Nested List Weight Sum
Given a nested list of integers, return the sum of all integers in the list weighted by their depth.
Each element is either an integer, or a list -- whose elements may also be integers or other lists.
Example 1:
Input: [[1,1],2,[1,1]]
Output: 10
Explanation: Four 1's at depth 2, one 2 at depth 1.Example 2:
Input: [1,[4,[6]]]
Output: 27
Explanation: One 1 at depth 1, one 4 at depth 2, and one 6 at depth 3; 1 + 4*2 + 6*3 = 27.这道题定义了一种嵌套链表的结构,链表可以无限往里嵌套,规定每嵌套一层,深度加1,让我们求权重之和,就是每个数字乘以其权重,再求总和。那么我们考虑,由于嵌套层数可以很大,所以我们用深度优先搜索DFS会很简单,每次遇到嵌套的,递归调用函数,一层一层往里算就可以了,我最先想的方法是遍历给的嵌套链表的数组,对于每个嵌套链表的对象,调用getSum函数,并赋深度值1,累加起来返回。

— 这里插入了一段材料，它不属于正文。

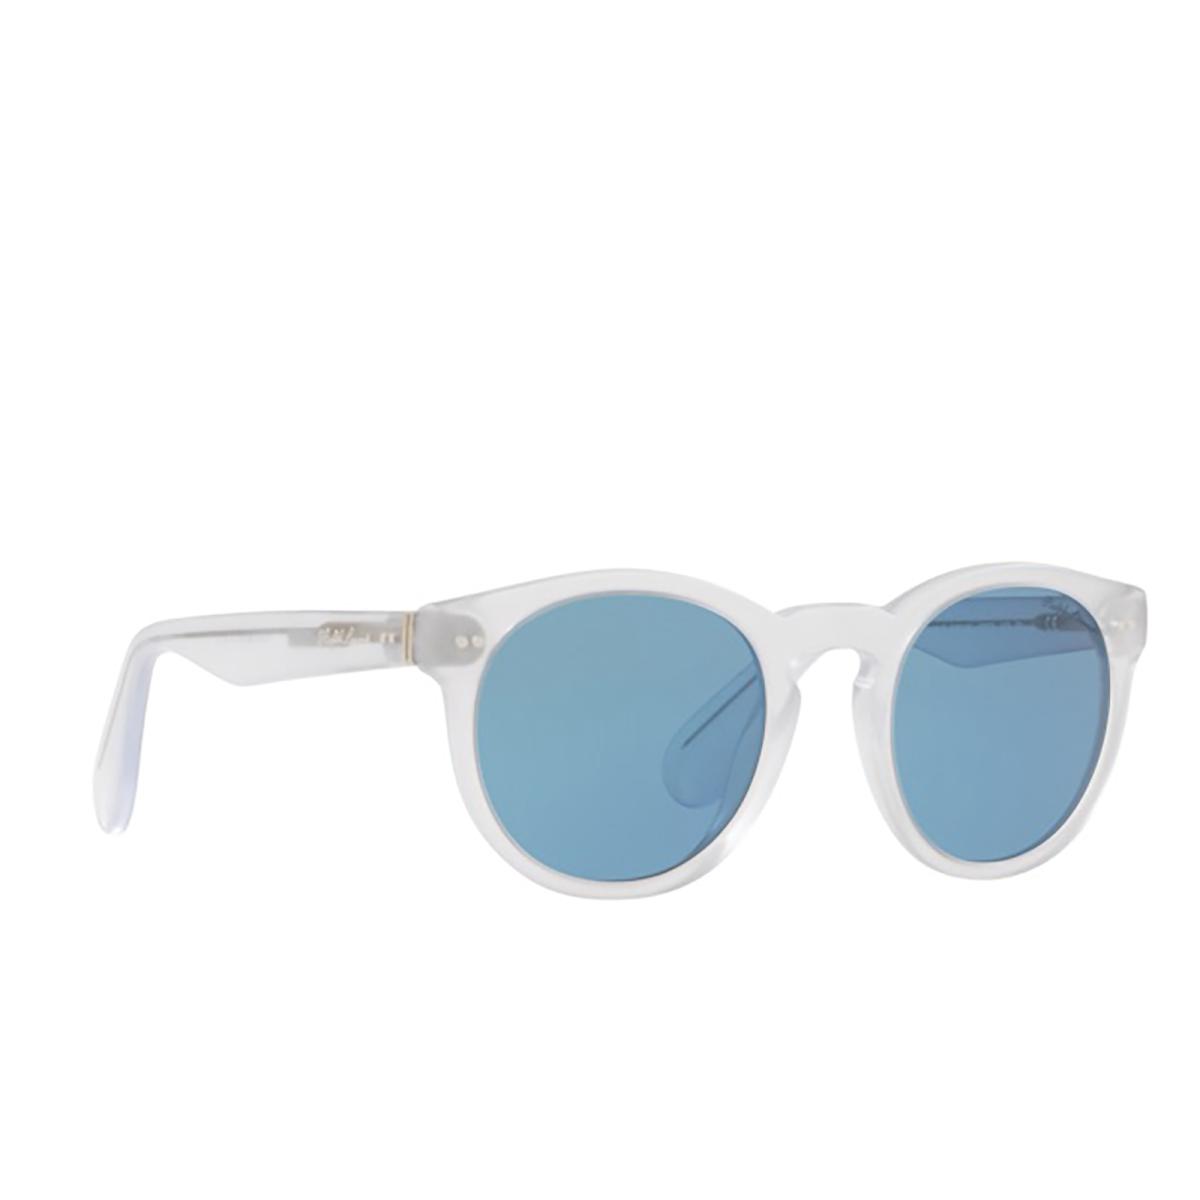 Ralph Lauren® Round Sunglasses: RL8146P color Sandbalst Crystal 500256 - three-quarters view.

在getSum函数中,首先判断其是否为整数,如果是,则返回当前深度乘以整数,如果不是,那么我们再遍历嵌套数组,对每个嵌套链表再调用递归函数,将返回值累加起来返回即可,
/**
* // This is the interface that allows for creating nested lists.
* // You should not implement it, or speculate about its implementation
* public interface NestedInteger {
* // Constructor initializes an empty nested list.
* public NestedInteger();
*
* // Constructor initializes a single integer.

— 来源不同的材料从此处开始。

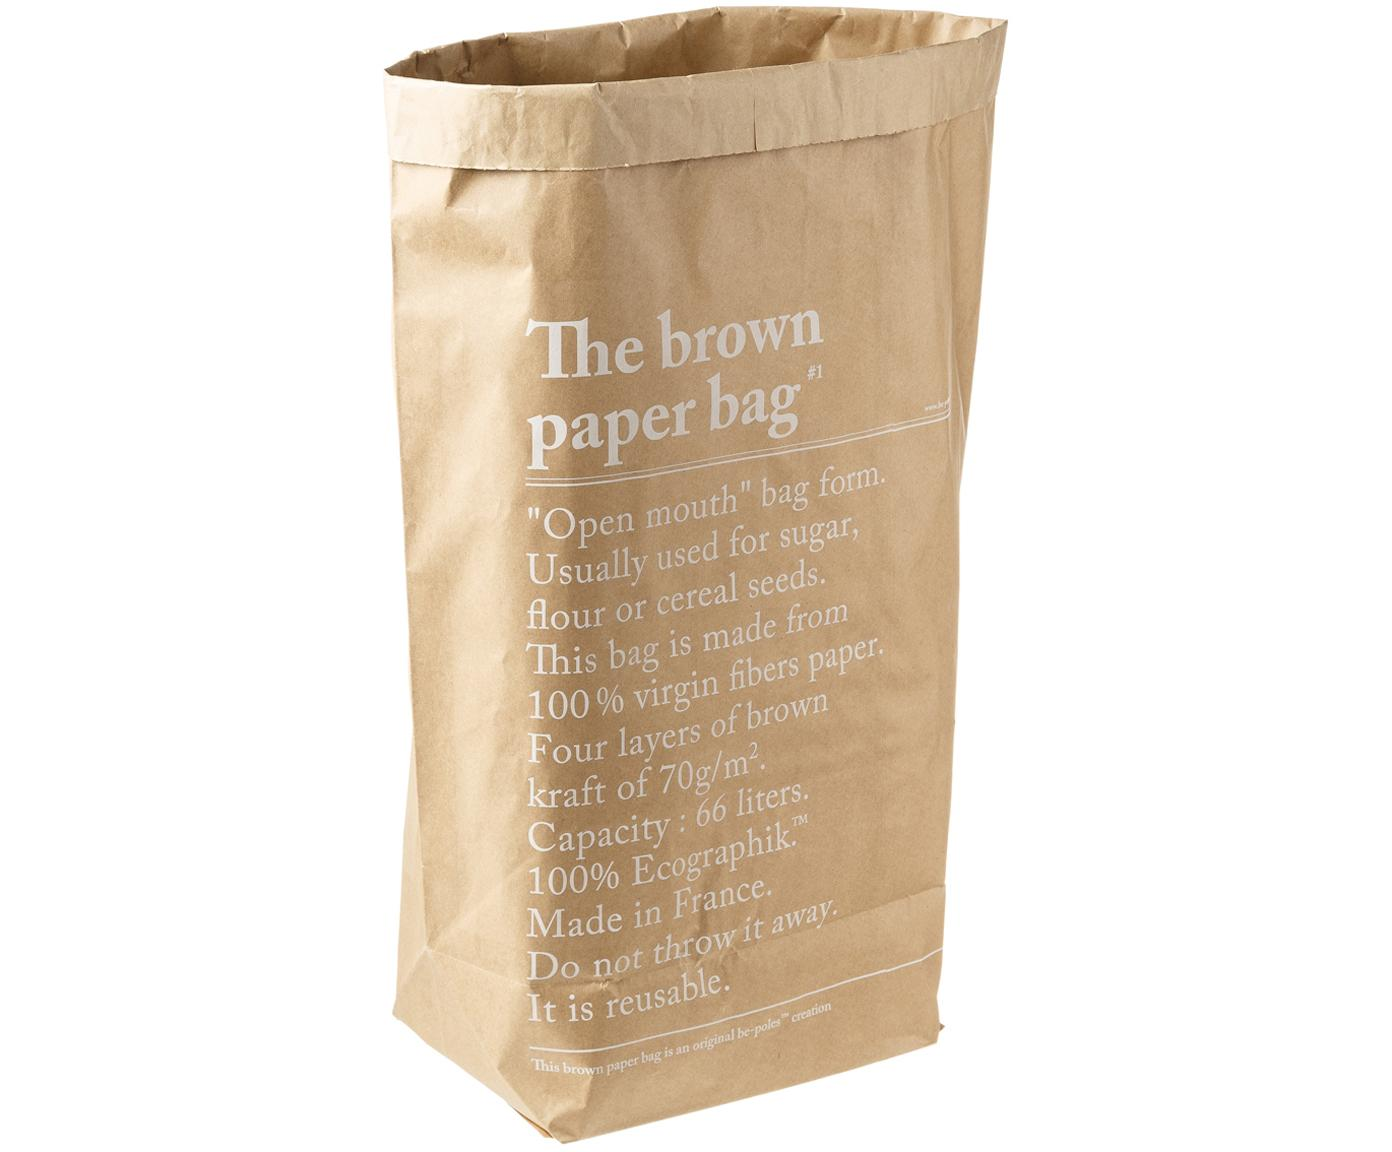 Aufbewahrungstüten Le sac en kraft brun, 2 Stück, Frischfaserpapier, Braun, 50 x 69 cm

* public NestedInteger(int value);
*
* // @return true if this NestedInteger holds a single integer, rather than a nested list.
* public boolean isInteger();
*
* // @return the single integer that this NestedInteger holds, if it holds a single integer
* // Return null if this NestedInteger holds a nested list
* public Integer getInteger();
*
* // Set this NestedInteger to hold a single integer.
* public void setInteger(int value);
*
* // Set this NestedInteger to hold a nested list and adds a nested integer to it.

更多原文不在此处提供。